Michael Joyce has been making models for movies since 1978. (First flick: Buck Rogers in the 25th Century.) The miniature-effects specialist describes his job this way: “A production company comes in and says, we want to build this, film it, and blow it up—and we want you to handle everything.” Now 60 and running his own shop, Joyce is something of a rare breed these days. When modern moviemakers want to obliterate Manhattan, it’s easier and cheaper to fire up a PC than to assemble a little Big Apple from scratch.
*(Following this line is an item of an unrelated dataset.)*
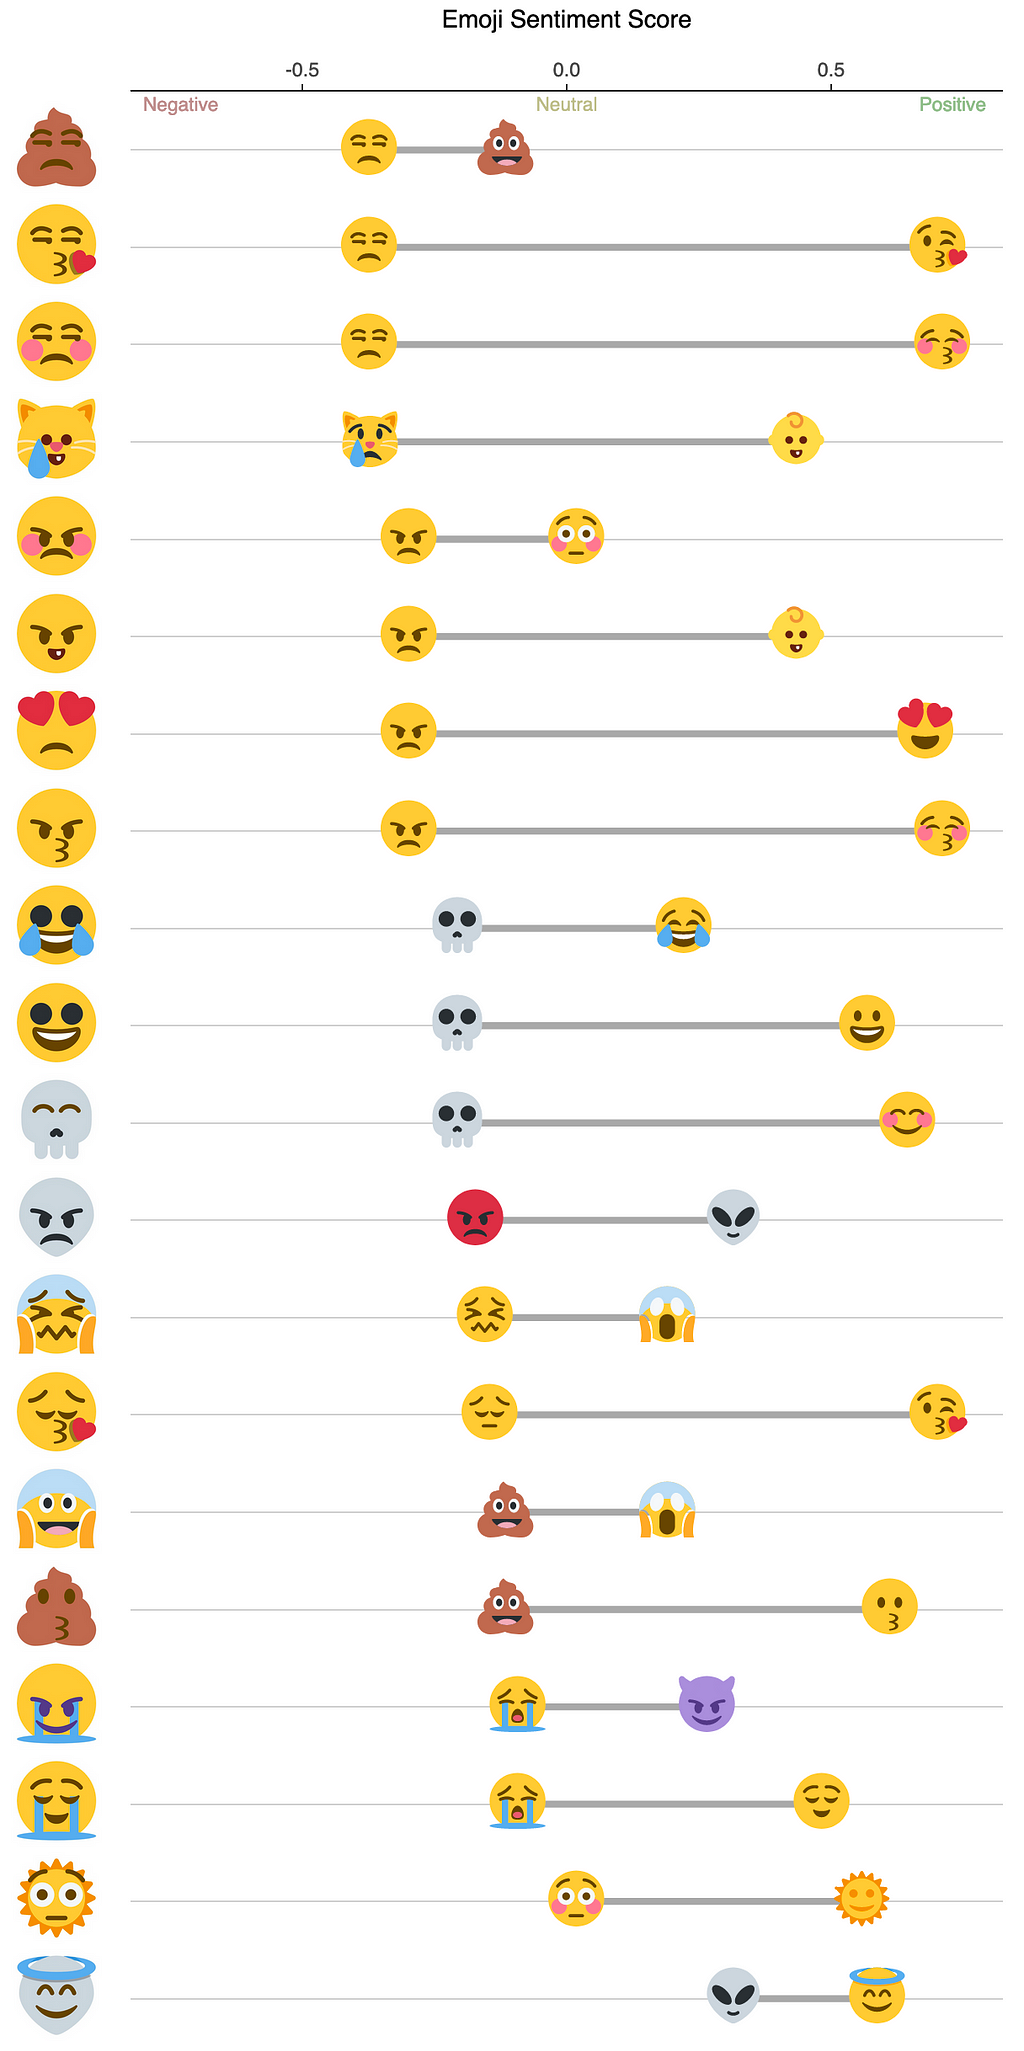 Makeover Monday: Visualizing the Emoji Mashup Twitter Bot | LaptrinhX

Still, for explosions, some directors insist on models. “In a computer,” Joyce says, “you don’t get that randomness, that haphazard commotion of a nice explosion.” Although his most famous kablooey moment might be the iconic scene in Independence Day when aliens demolish the White House, Joyce is up for laying waste to just about anything he can build.
Independence Day
MODEL: White House
SIZE: 5 feet high
The camera cut away quickly so the audience wouldn’t see the explosion petering out—that can reveal the scale.
Mr. & Mrs. Smith
MODEL: Suburban house
SIZE: ¼ scale
Joyce had to construct only the rear of the home—the Smiths race into the backyard as it’s detonating.
Live Free or Die Hard
MODEL: Power station
SIZE: 14 feet high
Five cameras captured the two-second blast at 120 fps, resulting in 50 seconds of explosive film.
The League of Extraordinary Gentlemen
MODEL: Blimp
SIZE: 1/12 scale
The craft was rigged with spray cement coated in gunpowder so it would “burn like the Hindenburg.”